With pictures left out, copy exactly every line from the one containing "drijvend lantaarn, loy" through the end of the material.

╭─ COLLECTED MATERIAL

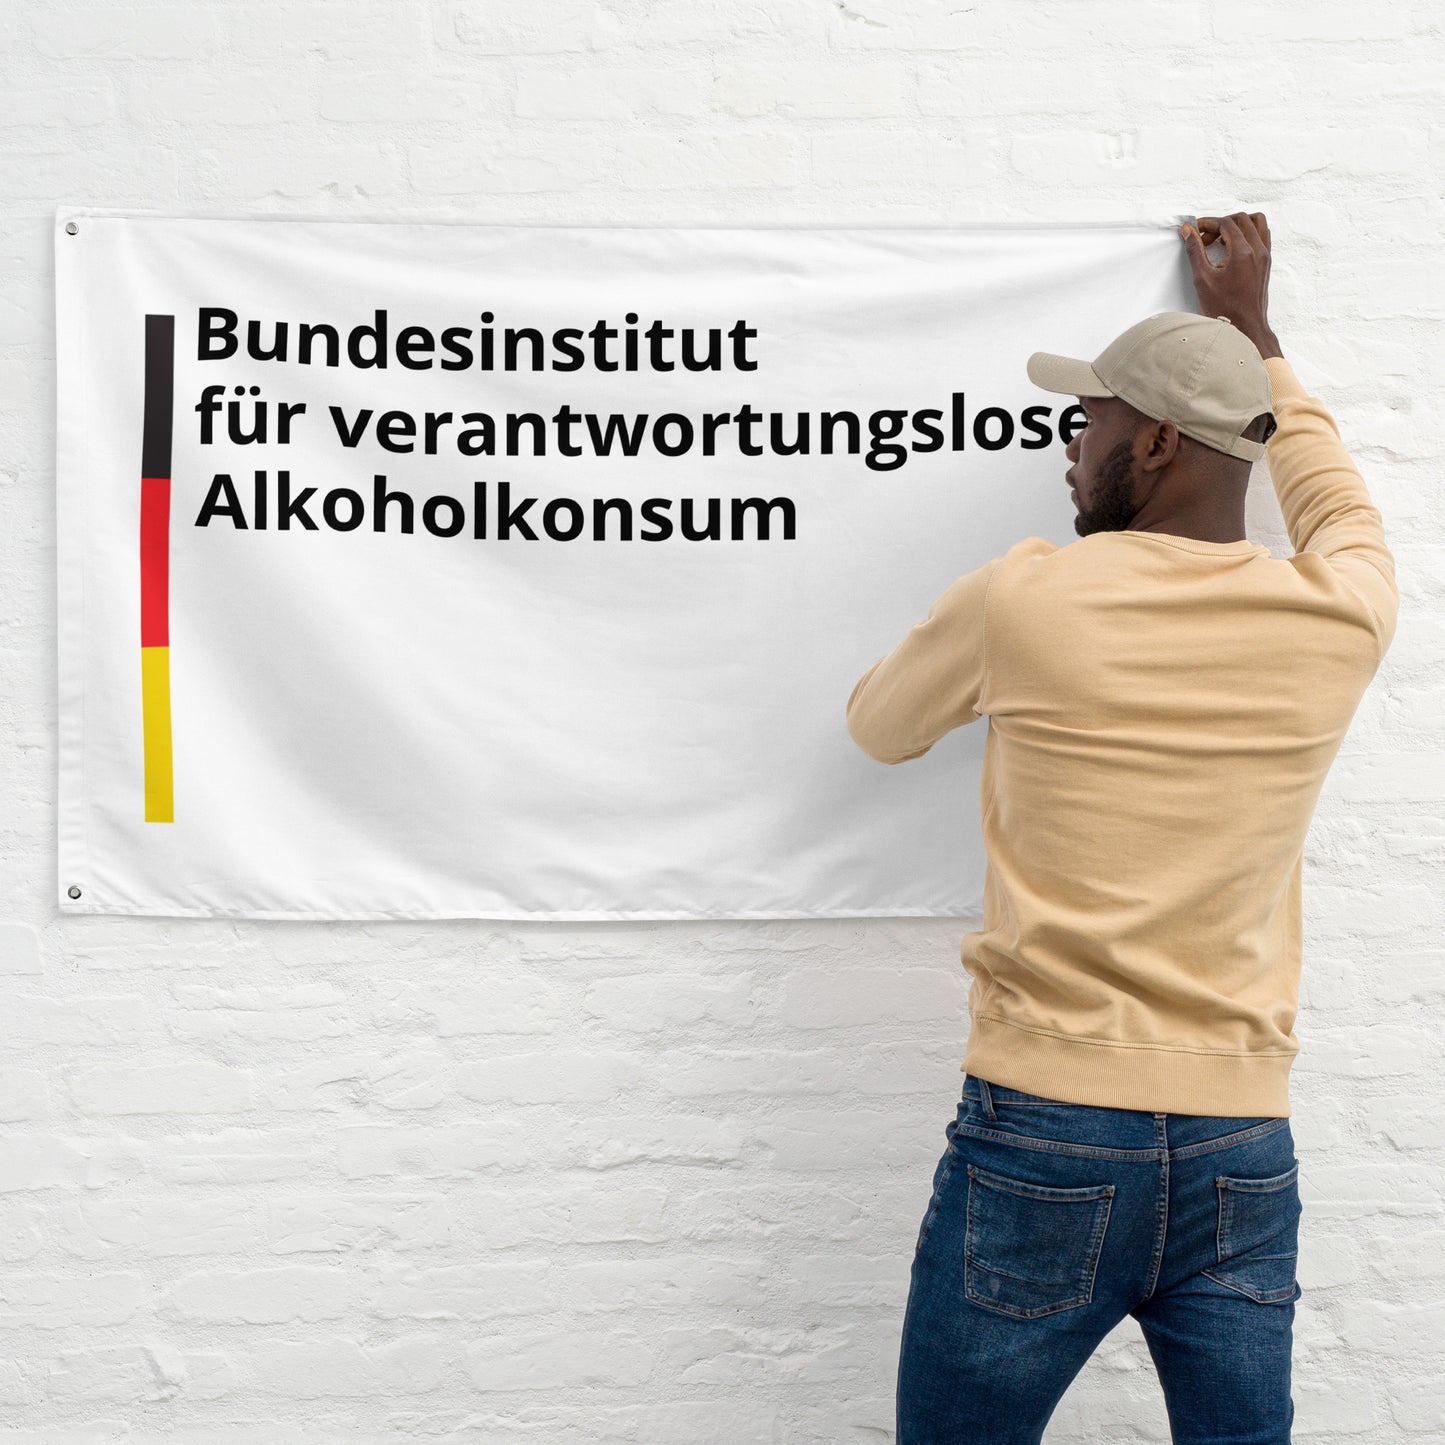 Bundesinstitut für verantwortungslosen Alkoholkonsum Flagge
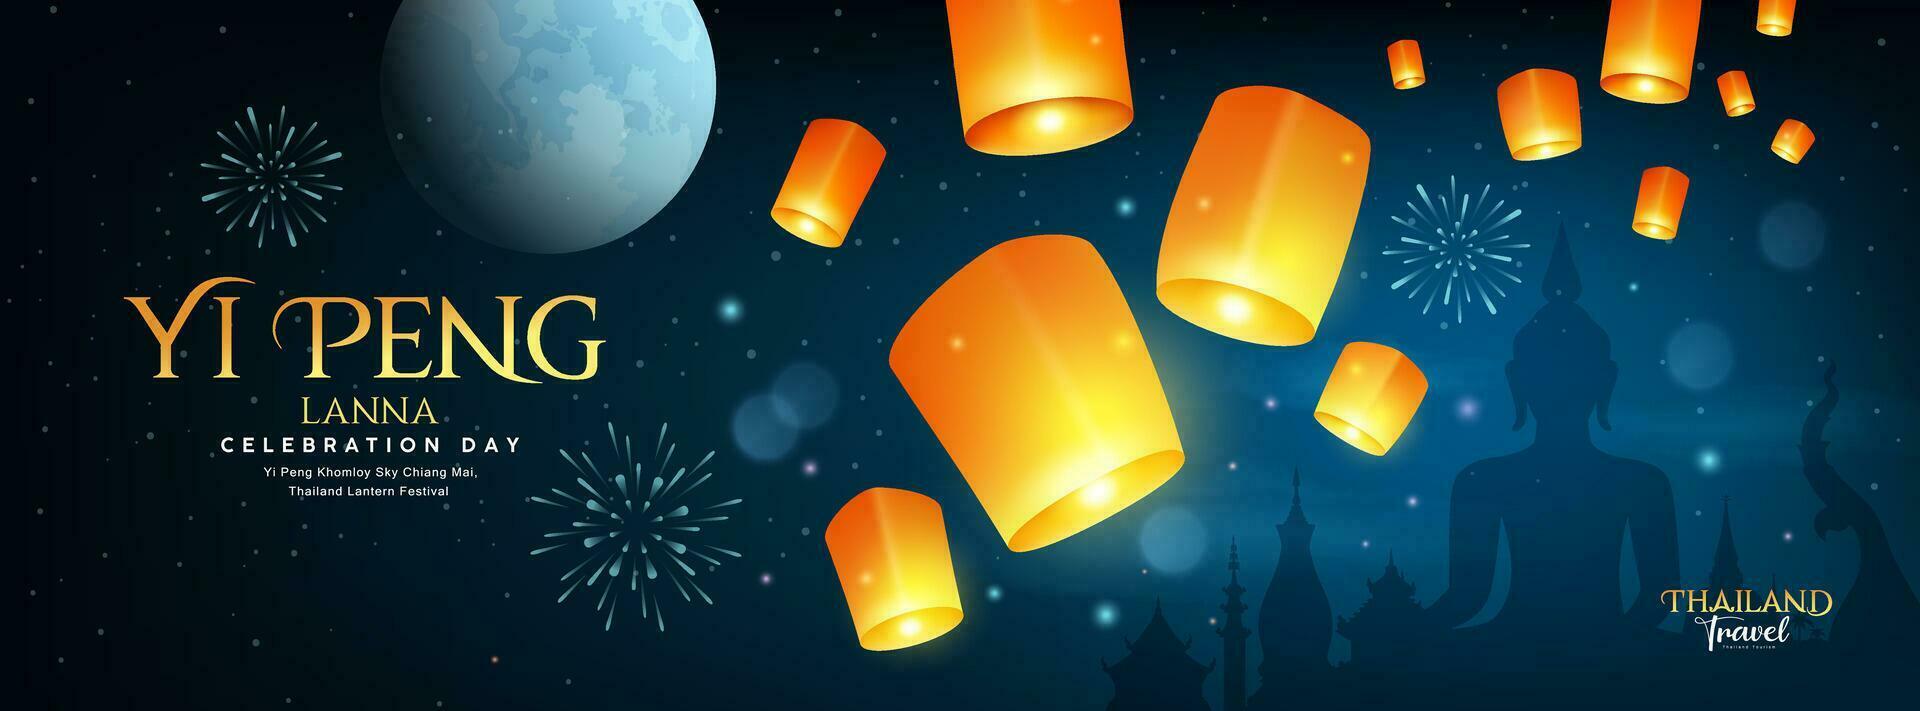 drijvend lantaarn, loy krathong en yi peng lantaarn festival in Chiang mei, Thailand, banier Aan vol maan en vuurwerk oprichten nacht achtergrond, eps 10 vector illustratie
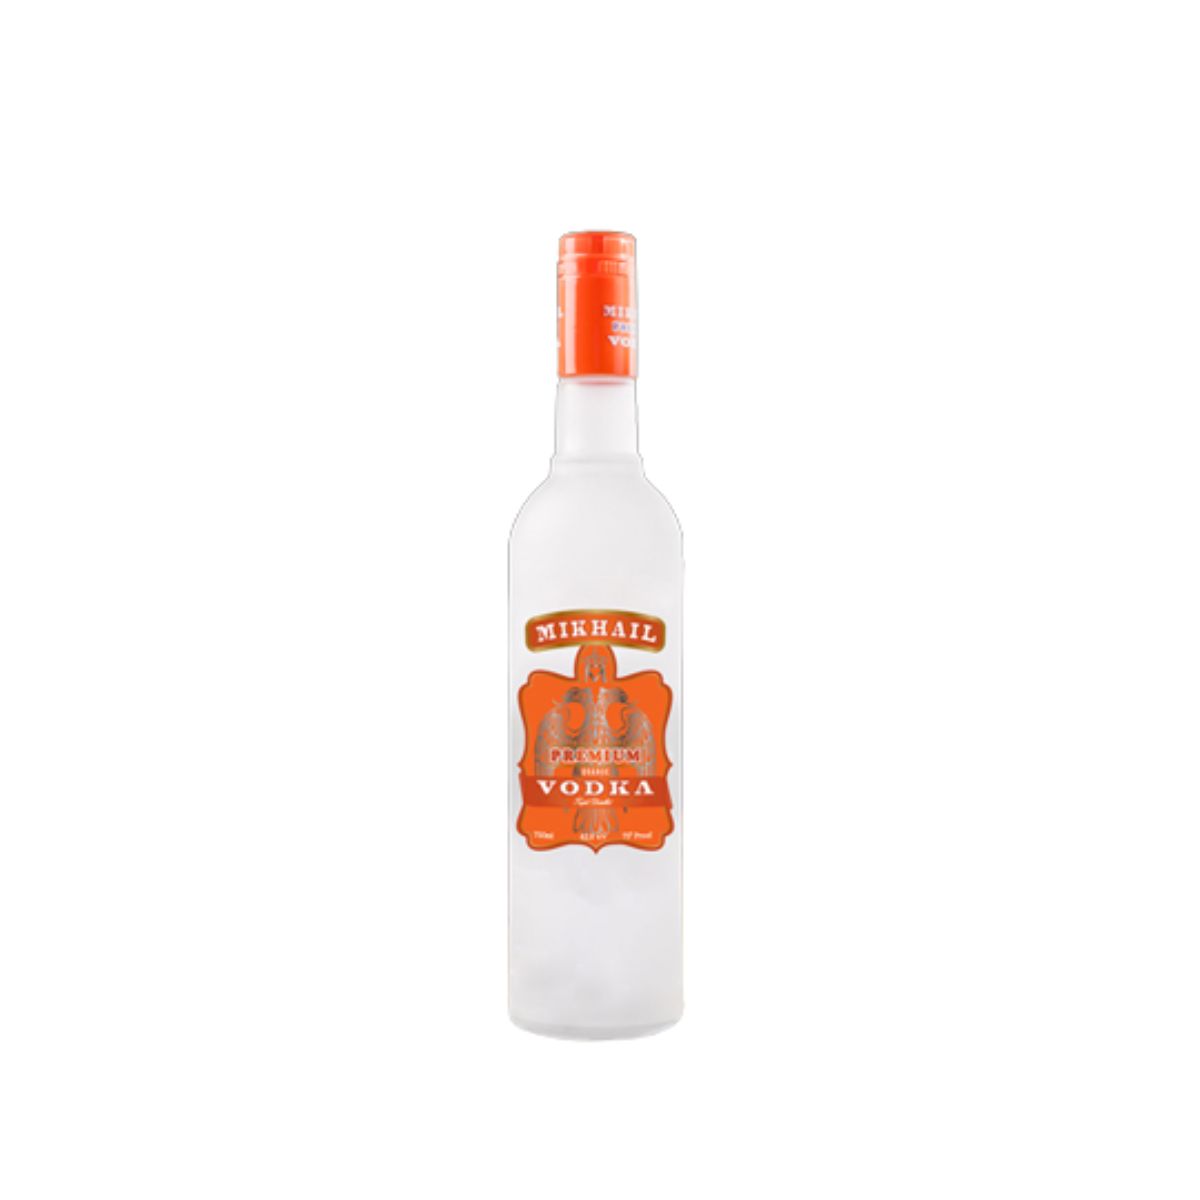 Mikhail Premium Vodka - Peach - Triple Distilled - 42.8% v/v - 750ml

╰─

→ ANSWER SPACE
 drijvend lantaarn, loy krathong en yi peng lantaarn festival in Chiang mei, Thailand, banier Aan vol maan en vuurwerk oprichten nacht achtergrond, eps 10 vector illustratie
 Mikhail Premium Vodka - Peach - Triple Distilled - 42.8% v/v - 750ml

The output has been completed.